Concerns regarding potential Regex misuse?

96 Views Asked by At

I have the following regex: ^[a-zA-Z](.*)[a-zA-Z]$ on both the Javascript and PHP side that I have been using for validating a person's name and message fields on a contact form (no database interaction). It basically ensures that the first and last character in the field are alphabets, and allows anything else in-between.

My concerns are:

  1. For this type of functionality, should I be bothered with trying to validate a person's name or message? The only thing I am validating or rather protecting against is any malicious input.
  2. I'm unsure what type of attacks I could leave my site open to, if the only thing I do is check that the fields aren't empty.

Are these valid concerns? If I start catering for all types of Name and Message scenarios, I'm going to end up with a very long expression that will become too difficult to maintain...So is it really worth it, or is there a bare-minimum regex that I should use for these 2 fields to protect against malicious attacks/scripting?

(PS - I've just been reminded by one of my co-workers about names beginning with an " ! ")

THANK YOU!!

2

There are 2 best solutions below

4
On BEST ANSWER

Now someone named Dieter Voß can’t use your contact form anymore. That’s bad.

If you don’t have any database interaction and the data is sent to someone via e-mail or the like (as opposed to being displayed publicly on the web), then there’s not much of an security concern to protect yourself against. I’d recommend simply doing no check at all. (Except maybe whether the fields are empty.)

Disclaimer: Without knowing about the rest of the code, any statements about possible security implications can possibly be wrong.

2
On
  1. For this type of functionality, should I be bothered with trying to validate a person's name or message? The only thing I am validating or rather protecting against is any malicious input.

Protecting against malicious input is different to validating that a person's name is indeed a person's name. Because people's names can be so varied (containing all sorts of characters) it may be better just to ensure that this has at least one non-whitespace character in it and be done with it. Some people have only one name, and some people have a surname that is only one letter.

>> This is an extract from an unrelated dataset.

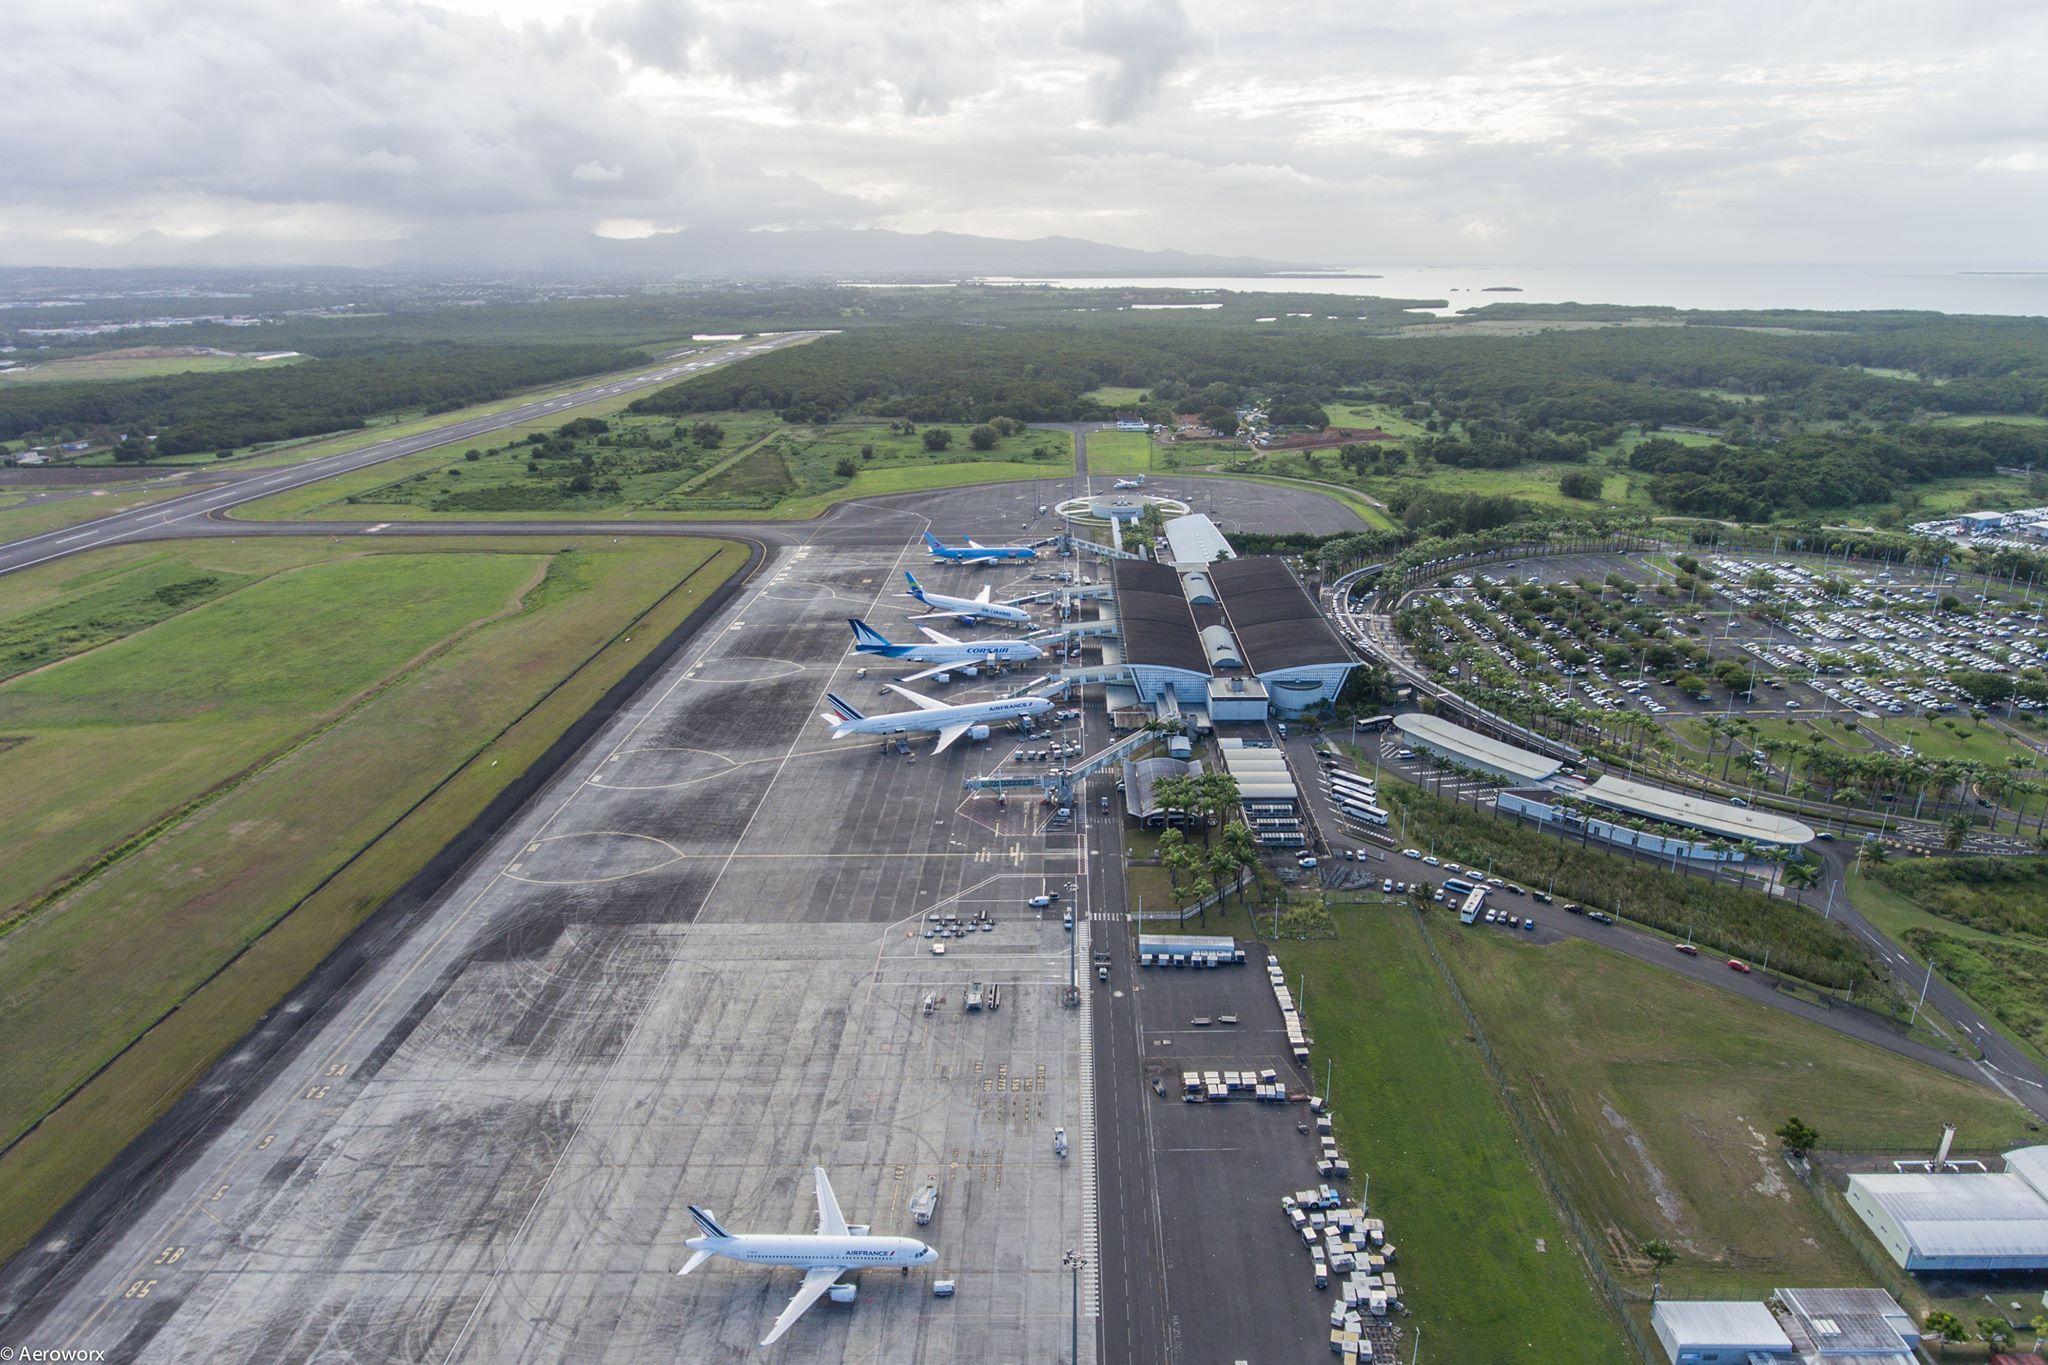 Guadeloupe : La Banque Européenne d'investissement engage 90 millions d'euros de financement pour l'aéroport et les PME

  1. I'm unsure what type of attacks I could leave my site open to, if the only thing I do is check that the fields aren't empty.

Protecting against malicious input is a different problem, and it involves for example filtering the entry before it is entered into the database, but this is (probably) a job for your database abstraction or framework.

You will also have to ensure that whenever you output such data as part of an HTML page, that you use htmlspecialchars() on it. This protects against cross-site scripting (inclusion of HTML tags in what should be plain text). This is (probably) a job for your template system or view layer.